(Work request) Among the records below, find the lines that contain "wallpaper" and copy each of them.

=== Data to examine ===

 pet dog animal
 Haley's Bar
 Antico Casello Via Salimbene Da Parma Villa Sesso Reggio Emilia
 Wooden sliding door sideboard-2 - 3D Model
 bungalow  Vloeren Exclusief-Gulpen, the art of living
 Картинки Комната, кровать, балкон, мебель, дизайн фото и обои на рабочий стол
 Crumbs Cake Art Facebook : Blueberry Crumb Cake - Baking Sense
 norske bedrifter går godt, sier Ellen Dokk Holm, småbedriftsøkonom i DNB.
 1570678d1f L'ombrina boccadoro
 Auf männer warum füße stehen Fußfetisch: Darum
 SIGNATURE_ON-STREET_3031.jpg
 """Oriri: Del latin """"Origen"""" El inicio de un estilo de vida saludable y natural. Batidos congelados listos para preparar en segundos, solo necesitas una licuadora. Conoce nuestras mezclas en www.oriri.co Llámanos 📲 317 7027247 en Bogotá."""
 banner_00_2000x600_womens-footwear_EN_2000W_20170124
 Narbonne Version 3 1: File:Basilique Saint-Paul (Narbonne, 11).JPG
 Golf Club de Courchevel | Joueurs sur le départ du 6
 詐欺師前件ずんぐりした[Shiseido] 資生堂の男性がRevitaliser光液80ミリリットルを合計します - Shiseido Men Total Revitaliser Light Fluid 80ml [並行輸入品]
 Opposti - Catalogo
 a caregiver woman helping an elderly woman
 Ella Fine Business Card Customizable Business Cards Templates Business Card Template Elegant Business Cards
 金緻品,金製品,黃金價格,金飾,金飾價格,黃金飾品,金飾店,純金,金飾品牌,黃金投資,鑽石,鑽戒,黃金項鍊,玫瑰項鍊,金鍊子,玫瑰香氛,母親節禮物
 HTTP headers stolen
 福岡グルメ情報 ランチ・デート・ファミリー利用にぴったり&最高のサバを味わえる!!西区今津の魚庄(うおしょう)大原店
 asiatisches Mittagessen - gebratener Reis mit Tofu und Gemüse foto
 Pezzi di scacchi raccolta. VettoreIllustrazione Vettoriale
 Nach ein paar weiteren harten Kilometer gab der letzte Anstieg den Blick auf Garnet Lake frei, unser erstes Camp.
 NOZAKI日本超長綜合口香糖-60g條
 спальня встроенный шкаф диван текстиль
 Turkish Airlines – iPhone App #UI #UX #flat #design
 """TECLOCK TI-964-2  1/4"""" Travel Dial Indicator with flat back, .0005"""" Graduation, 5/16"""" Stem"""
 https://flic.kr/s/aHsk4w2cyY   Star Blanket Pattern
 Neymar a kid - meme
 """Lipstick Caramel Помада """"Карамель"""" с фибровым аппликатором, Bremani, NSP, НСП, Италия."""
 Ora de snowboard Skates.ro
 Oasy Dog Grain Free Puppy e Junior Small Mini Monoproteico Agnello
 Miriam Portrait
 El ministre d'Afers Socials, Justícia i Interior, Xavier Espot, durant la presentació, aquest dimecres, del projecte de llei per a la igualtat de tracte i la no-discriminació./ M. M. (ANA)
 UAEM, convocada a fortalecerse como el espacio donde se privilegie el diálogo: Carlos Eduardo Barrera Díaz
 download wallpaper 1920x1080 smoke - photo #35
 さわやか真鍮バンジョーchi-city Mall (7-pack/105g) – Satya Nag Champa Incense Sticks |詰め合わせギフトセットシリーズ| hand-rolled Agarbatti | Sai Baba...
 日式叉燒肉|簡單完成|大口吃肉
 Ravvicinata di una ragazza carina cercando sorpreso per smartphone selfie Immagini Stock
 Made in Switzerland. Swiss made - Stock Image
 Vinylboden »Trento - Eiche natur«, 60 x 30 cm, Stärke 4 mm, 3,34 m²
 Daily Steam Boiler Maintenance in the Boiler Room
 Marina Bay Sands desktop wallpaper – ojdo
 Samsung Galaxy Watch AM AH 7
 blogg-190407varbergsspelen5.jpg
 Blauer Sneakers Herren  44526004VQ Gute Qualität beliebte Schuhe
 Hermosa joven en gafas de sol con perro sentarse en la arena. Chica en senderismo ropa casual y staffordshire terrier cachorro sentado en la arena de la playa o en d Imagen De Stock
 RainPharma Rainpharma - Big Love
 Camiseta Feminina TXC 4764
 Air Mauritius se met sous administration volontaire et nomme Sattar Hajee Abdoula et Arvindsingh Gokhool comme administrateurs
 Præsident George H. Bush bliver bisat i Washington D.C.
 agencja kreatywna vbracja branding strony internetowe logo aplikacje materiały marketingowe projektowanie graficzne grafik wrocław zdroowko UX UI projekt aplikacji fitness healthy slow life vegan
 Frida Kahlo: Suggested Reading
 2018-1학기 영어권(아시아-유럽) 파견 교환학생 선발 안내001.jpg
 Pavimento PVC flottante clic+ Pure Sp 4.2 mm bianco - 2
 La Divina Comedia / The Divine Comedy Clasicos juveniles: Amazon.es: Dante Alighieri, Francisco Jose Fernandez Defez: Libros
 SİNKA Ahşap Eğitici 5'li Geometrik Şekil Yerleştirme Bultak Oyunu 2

===

(Response to the task)
 download wallpaper 1920x1080 smoke - photo #35
 Marina Bay Sands desktop wallpaper – ojdo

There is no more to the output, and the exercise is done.